- [PROBLEM REQUIREMENTS]:
Output, exactly as written, the lines below starting at the line containing "the size of" and ending at the line containing "Homonyms Spelling Word". Drop the pictures and keep both end lines.

- [EXTRACTED RECORDS]:
----------------------------------------

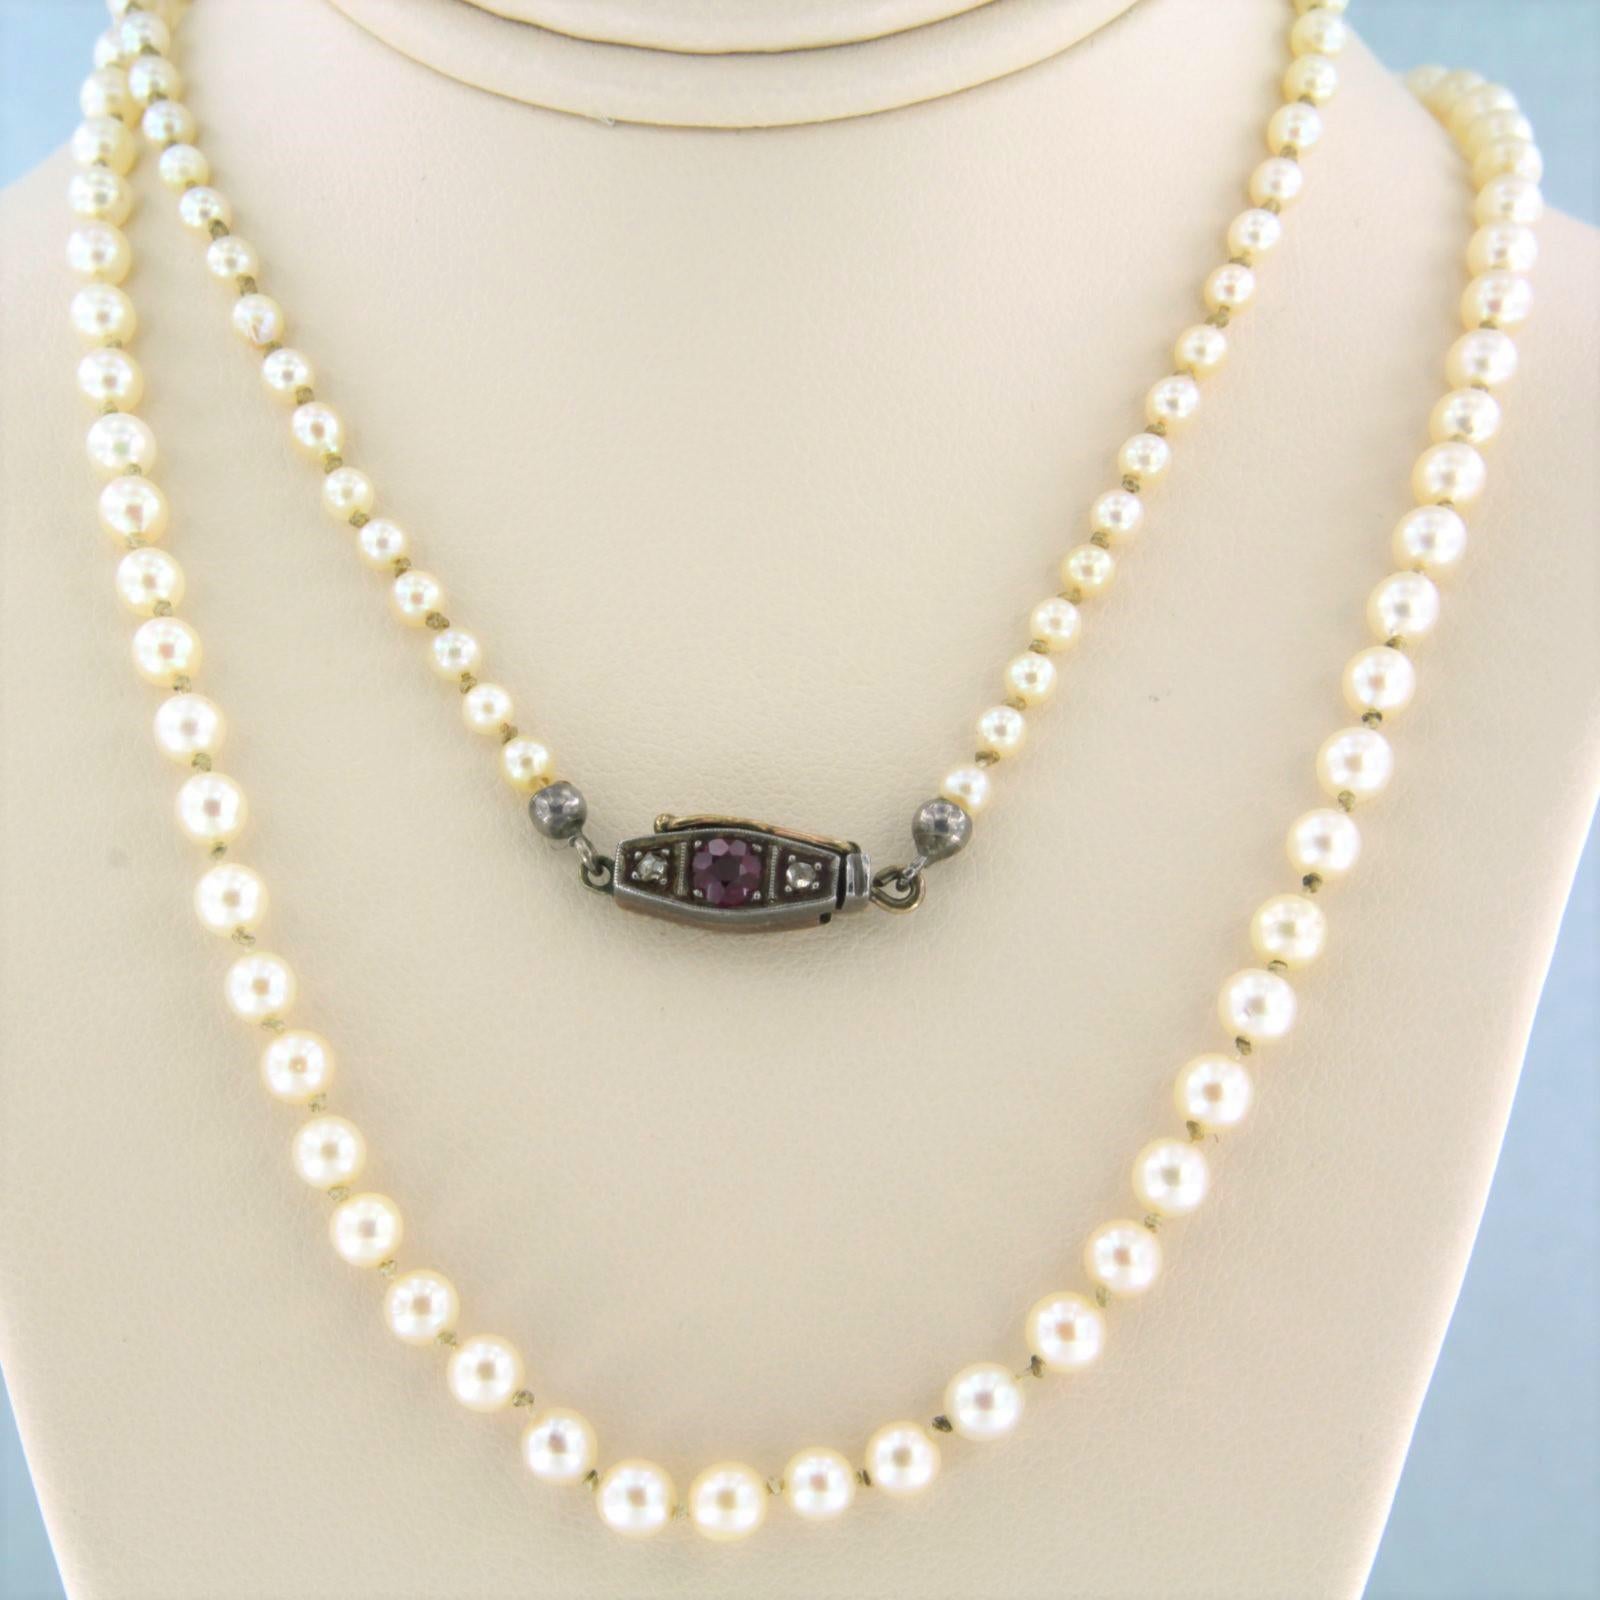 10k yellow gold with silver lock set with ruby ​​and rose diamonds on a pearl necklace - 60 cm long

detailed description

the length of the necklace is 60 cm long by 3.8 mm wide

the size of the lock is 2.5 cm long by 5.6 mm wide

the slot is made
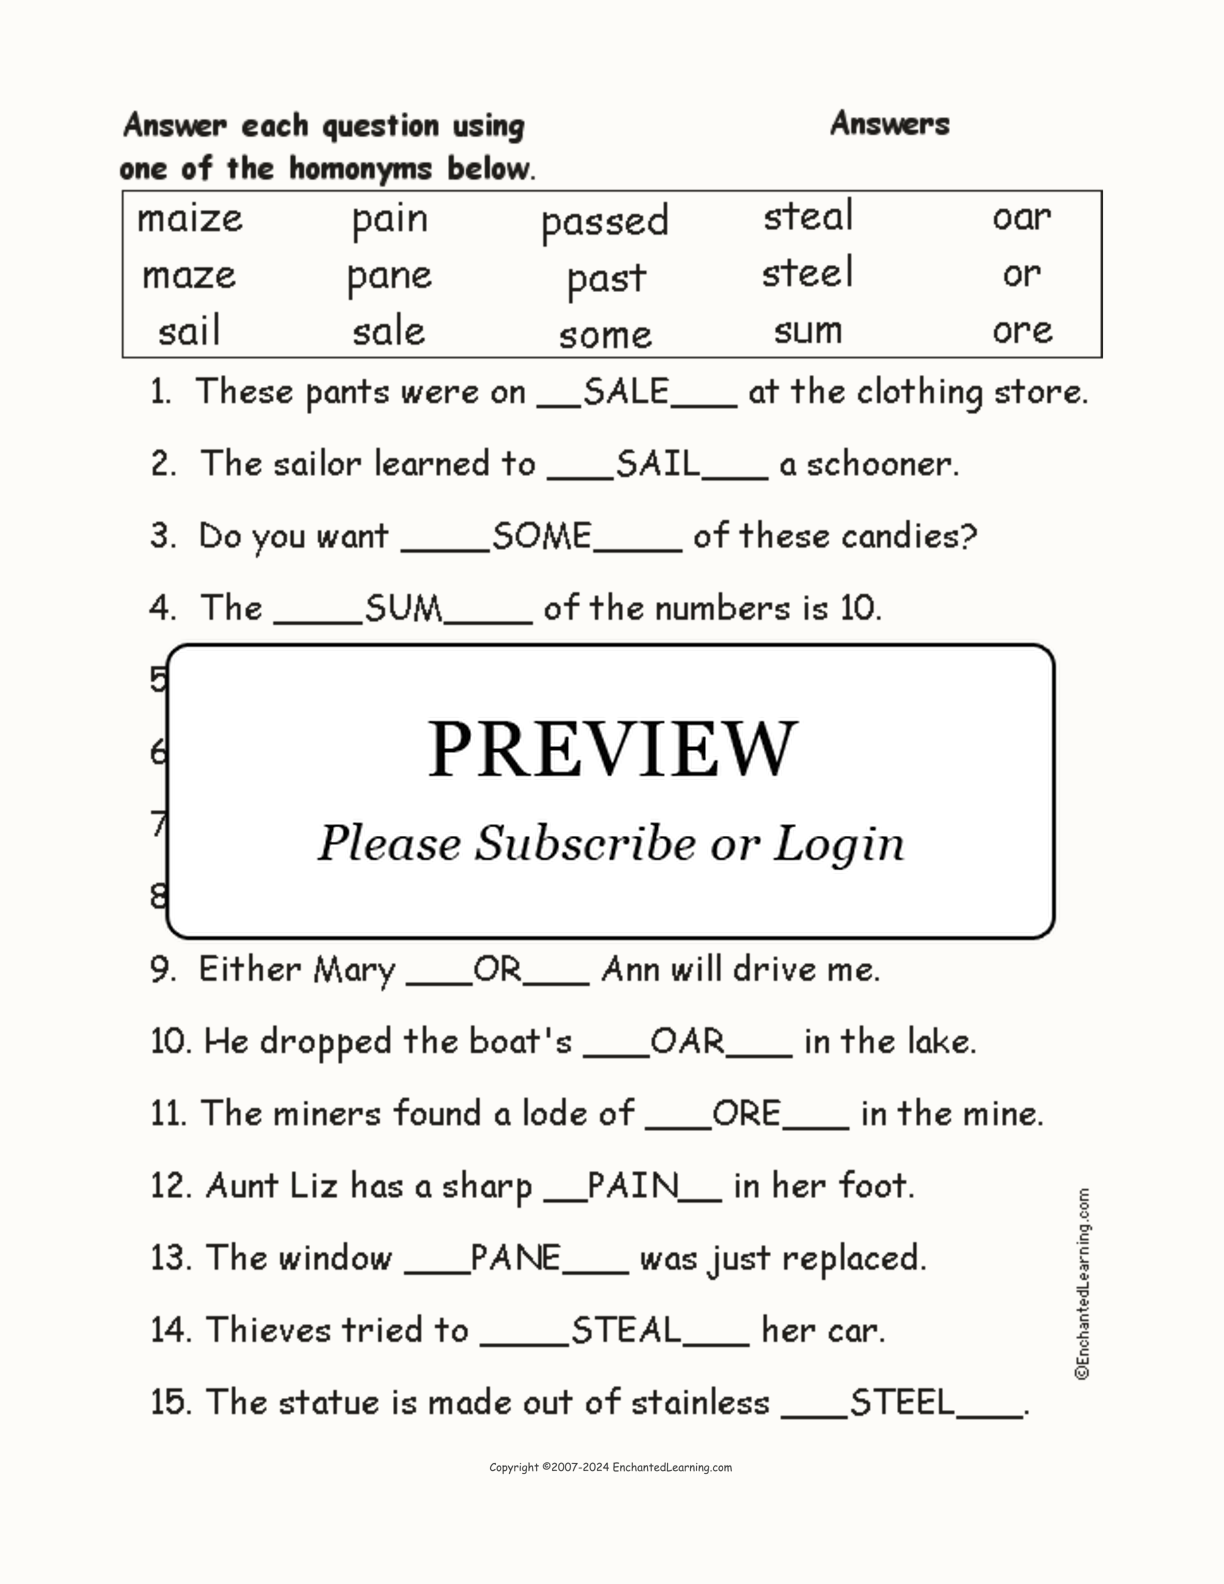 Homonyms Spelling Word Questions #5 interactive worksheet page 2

----------------------------------------

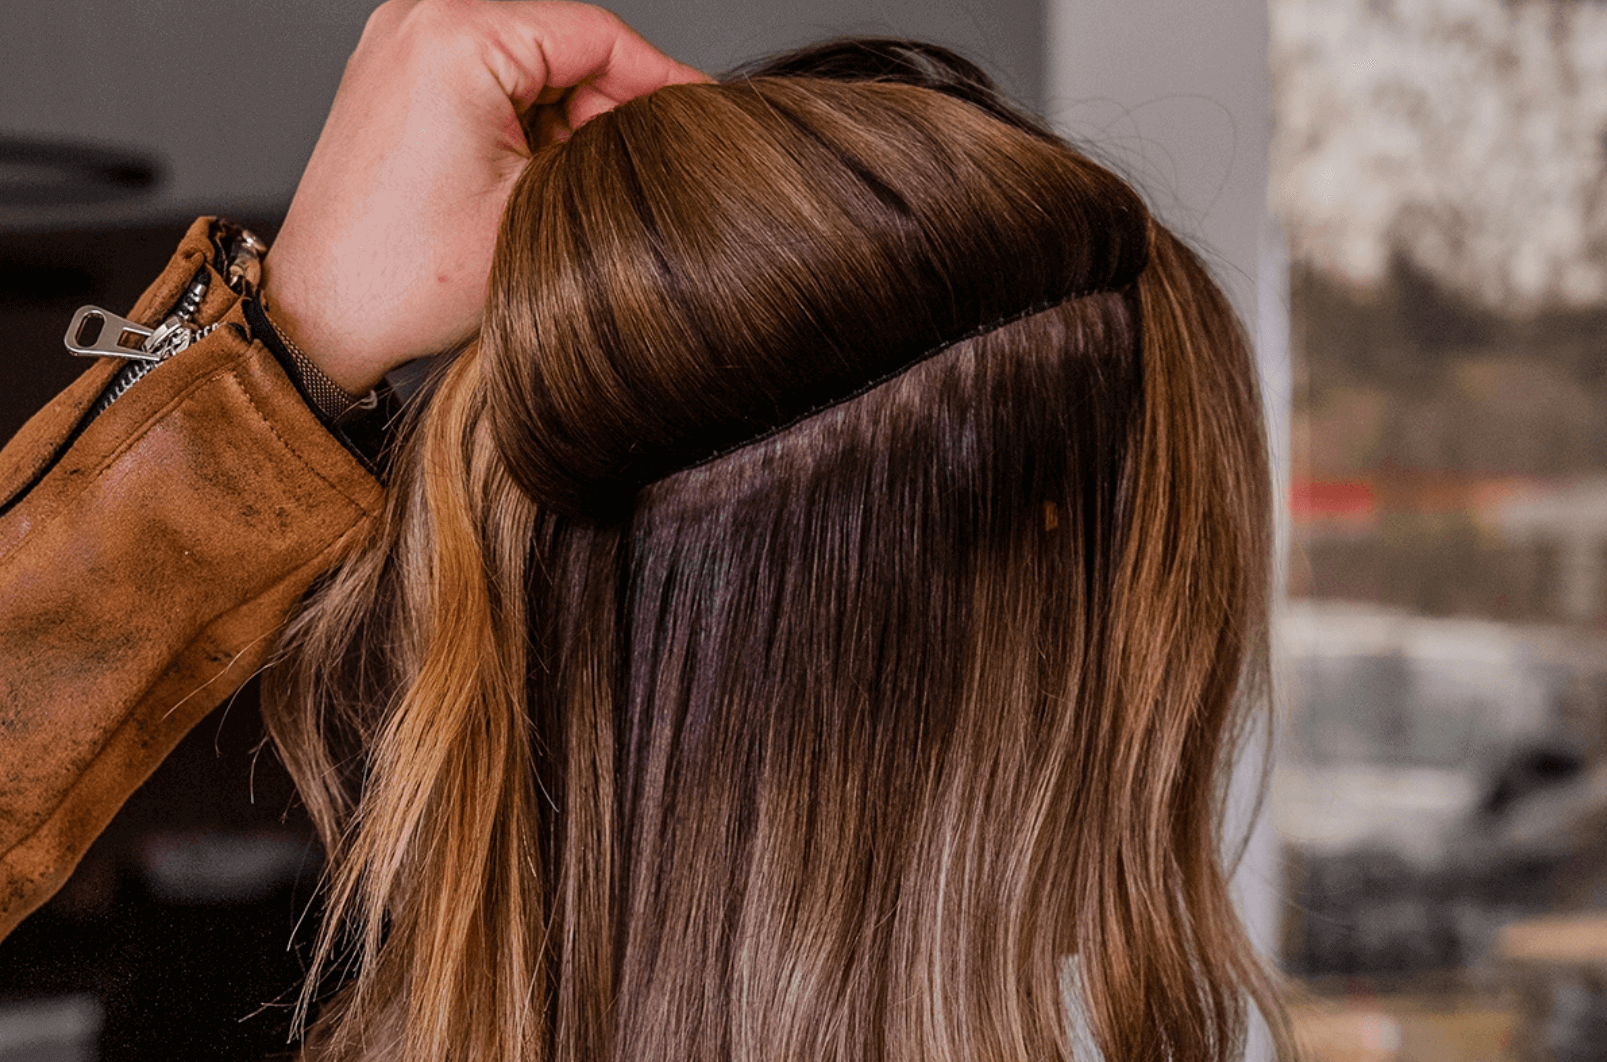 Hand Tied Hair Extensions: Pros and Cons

----------------------------------------

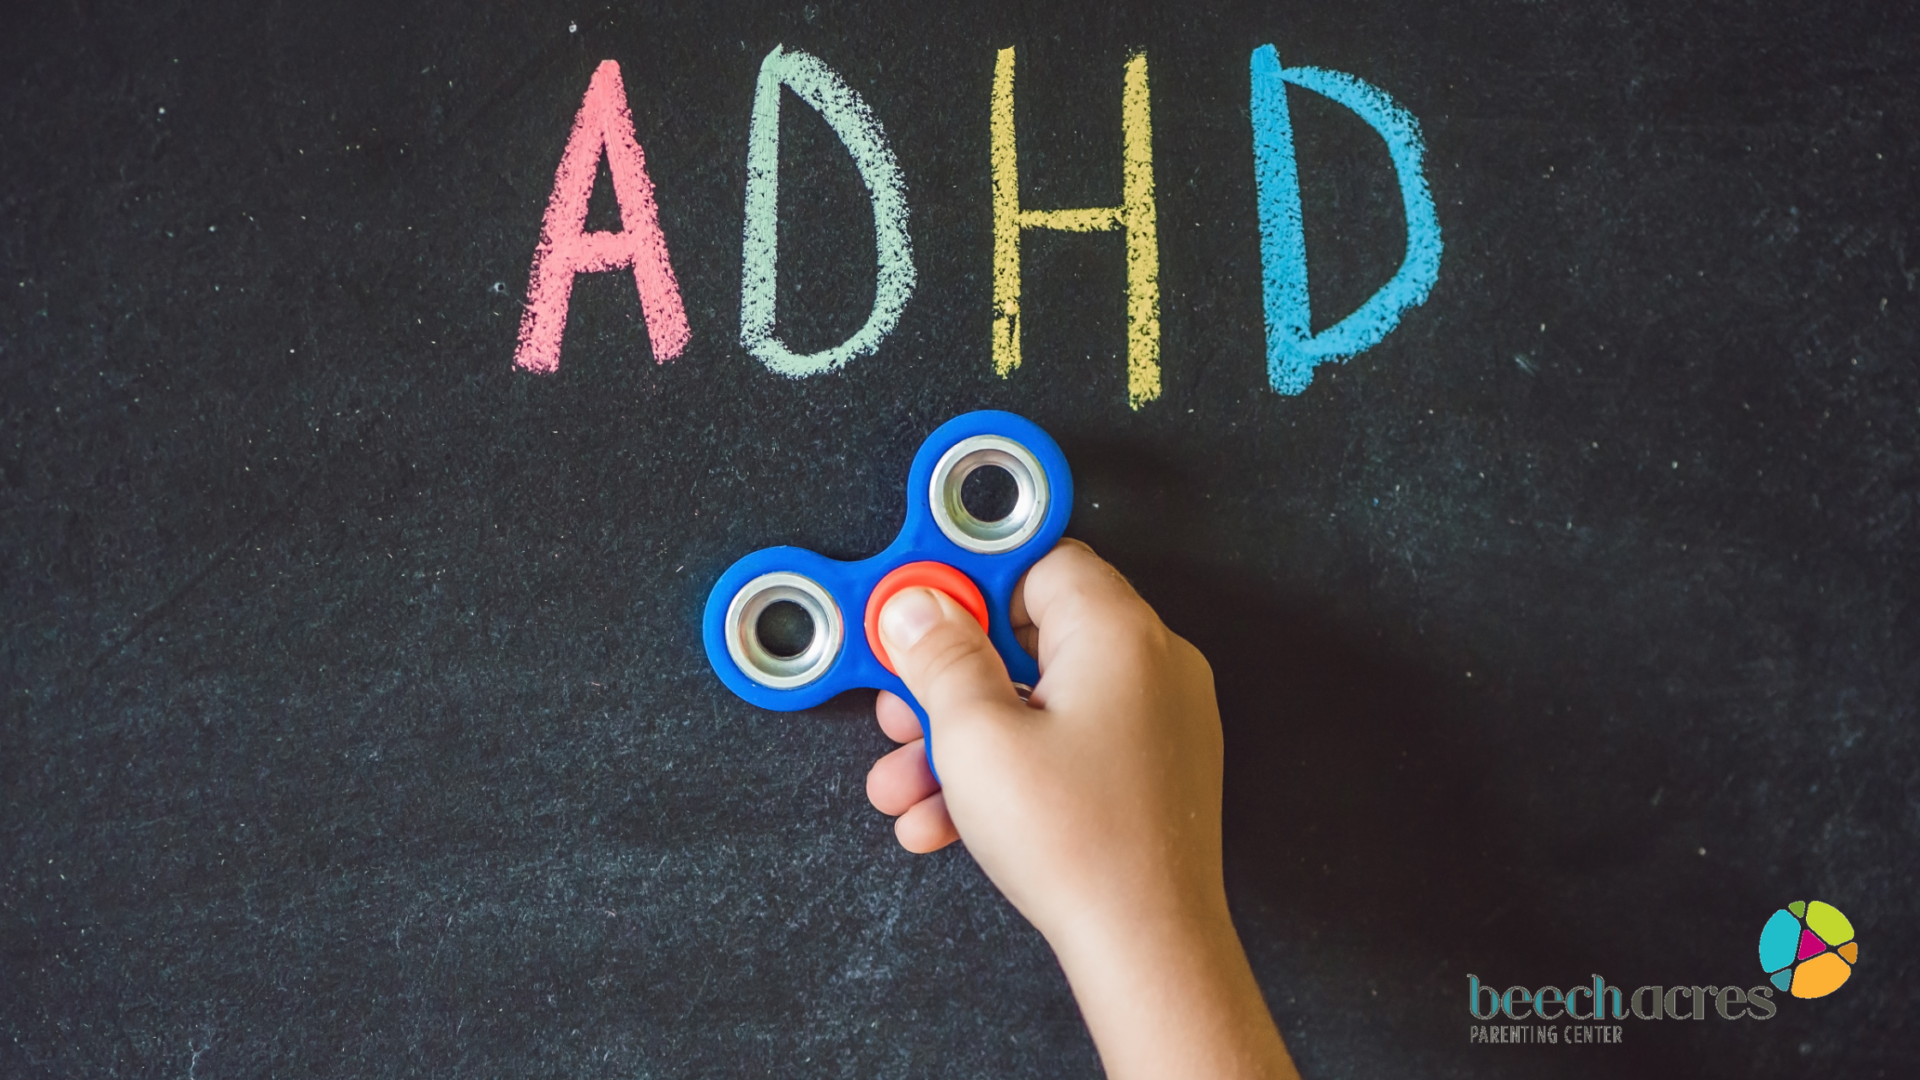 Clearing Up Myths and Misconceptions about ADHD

----------------------------------------

- [RESULT]:
the size of the lock is 2.5 cm long by 5.6 mm wide

the slot is made
 Homonyms Spelling Word Questions #5 interactive worksheet page 2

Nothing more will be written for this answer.